KOMPAS.com - Epidemi virus corona telah melumpuhkan ekonomi China, namun di balik bencana ini ada dampak yang tidak terduga bagi lingkungan.
Melansir Science Alert, Kamis (20/2/2020), emisi karbon di China telah turun sedikitnya 100 juta metrik ton selama dua minggu terakhir.
Hal itu disampaikan sebuah penelitian yang diterbitkan Pusat Penelitian Energi dan Udara Bersih (CREA) di Finlandia.
Penurunan emisi karbon tersebut hampir enam persen dari emisi global selama periode yang sama tahun lalu.
Baca juga: Studi Baru Buktikan Virus Corona Bukan Hasil Rekayasa di Laboratorium
Penyebaran virus corona (Covid-19) yang berlangsung sangat cepat, memang telah menewaskan lebih dari 2.000 orang dan menginfeksi lebih dari 74.000 orang di seluruh China.
Dampak dari penyebaran wabah virus ini menyebabkan penurunan permintaan untuk batu bara dan minyak, yang mengakibatkan penurunan emisi. Studi ini dipublikasikan di Carbon Brief yang berbasis di Inggris.
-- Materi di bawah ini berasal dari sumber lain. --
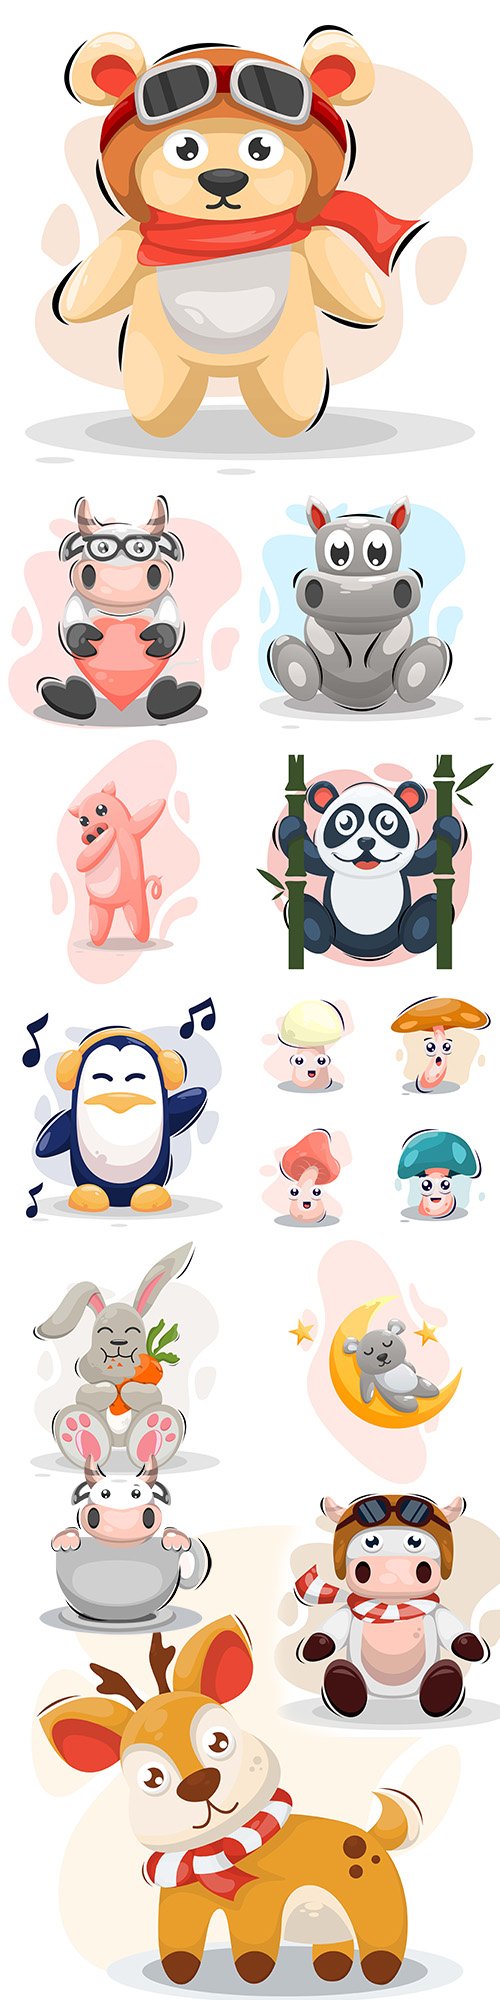 Cute little animal illustrations cartoon mascot

Selama dua minggu terakhir, para peneliti menemukan fakta, pembangkit listrik harian bertenaga batu bara berada di level terendah selama empat tahun terakhir dibandingkan periode yang sama tahun lalu.
Sementara, produksi baja telah merosot ke level terendah selama lima tahun terakhir.
Baca juga: Ilmuwan dari 9 Negara Mengecam Teori Konspirasi Awal Mula Virus Corona
China adalah negara importir dan konsumen minyak bumi terbesar di dunia.
Akan tetapi, produksi kilang minyak terbesar di negara itu, yakni di provinsi Shandong, jatuh ke level terendah sejak musim gugur 2015.
Aktivitas ekonomi di China biasanya meningkat setelah liburan Tahun Baru Imlek, yang dimulai pada 25 Januari.
Namun, akibat dari virus corona Covid-19 yang terus meluas dan menginfeksi banyak orang, pemerintah setempat memperpanjang liburan tahun ini.
Hal itu dilakukan untuk mengatasi epidemi virus Covid-19 dengan menjaga orang-orang untuk tetap berada di rumah.
Dalam laporan itu menyebutkan upaya mengekang penyebaran virus corona telah menyebabkan pengurangan output sektor-sektor industri dari 15 persen menjadi 40 persen.
Kemungkinkan kondisi ini telah memusnahkan lebih dari seperempat emisi karbon dioksida (CO2) di negara itu selama dua minggu terakhir.